Minutemen end vigil, claim success:

    Volunteers recruited over the Internet to monitor illegal entrant activity along a stretch of Arizona's border ended their monthlong efforts Saturday as they began - peering through binoculars along a dusty border road.

    Members of the Minuteman Project hailed results as a huge success, and organizers plan to expand the mission to the other states bordering Mexico, as well as to parts of the Canadian border - in Idaho, North Dakota, Vermont and Michigan. They also plan to take on employers who hire illegal immigrants.

    "This could not have been done without all of you. You did this together - you the people," co-organizer Chris Simcox told some 150 Minutemen and supporters at a last-day meeting outside a church in Palominas.

    Simcox said the project has inspired millions of supporters across the country and reiterated a message he delivered to congressmen last week in Washington: The people will lead themselves "in an effort to secure our borders, to protect our families, our children, our neighbors and our way of life."

    Founder Jim Gilchrist said the Minutemen had gained the attention of Congress but warned that unless the work continues, "it's going to be viewed as just a monthlong dog and pony show."

    The Minutemen said volunteers' calls to the Border Patrol resulted in 335 apprehensions of illegal immigrants through early Wednesday. Organizers said 876 volunteers went through a four-hour training session and spent at least one eight-hour shift in the field through Friday. Their final eight-hour shift was to end as of 6 a.m. today.

    The Border Patrol keeps statistics on citizen calls and resulting apprehensions, but did not publicly break down whether calls came from project volunteers.

    Of the 1.1 million illegal immigrants the Border Patrol apprehended last year, more than half entered the country through the Mexico-Arizona border, and its porousness has become a focus of contention over possible intelligence reports that al-Qaida terror operatives could enter the same way.

    Critics, including Border Patrol officials, have said the Minutemen were little more than a nuisance and distraction that attracted significant attention from the media and from civil rights groups watching volunteers for possible rights violations.

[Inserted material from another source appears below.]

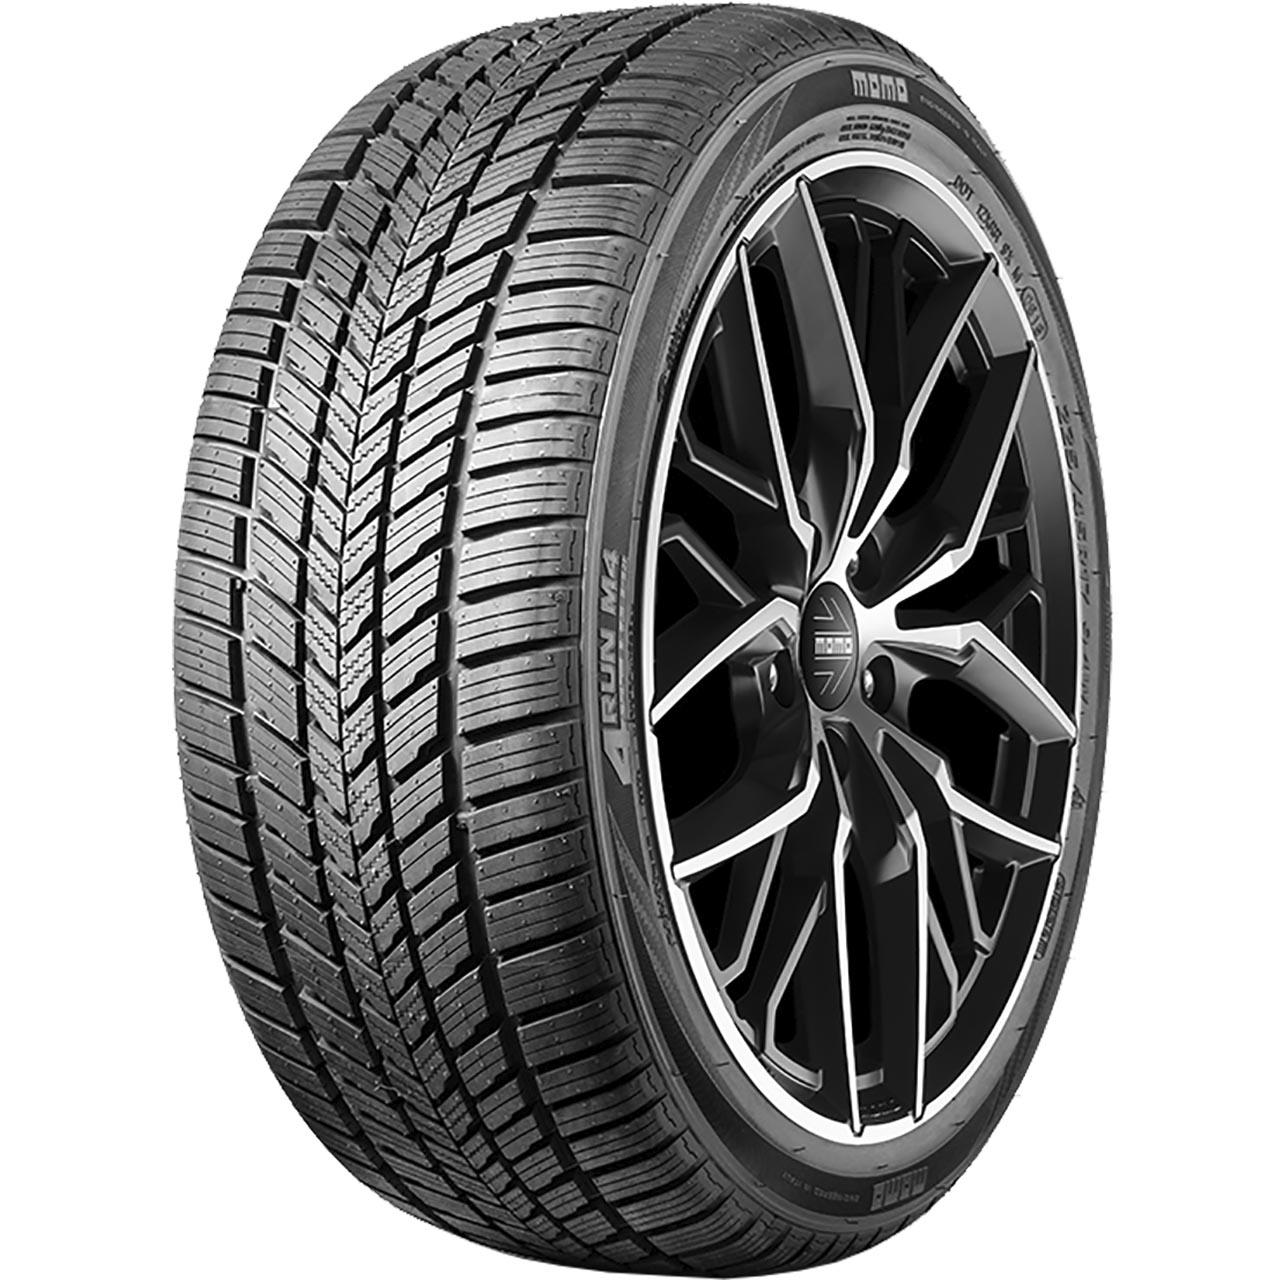 Momo Tire M 4 Four Season 195/45R16 84V XL

    But a majority of registered Arizona voters polled said they favored what the Minutemen did.

    Trucker Mike Minatrea, 39, of New Braunfels, Texas, a ham radio operator who was stationed near Naco for a week with his wife, Kristi, a registered nurse, said the Minuteman Project "has told the rest of America what they can do to get something done" by protesting in a calm, orderly and productive fashion.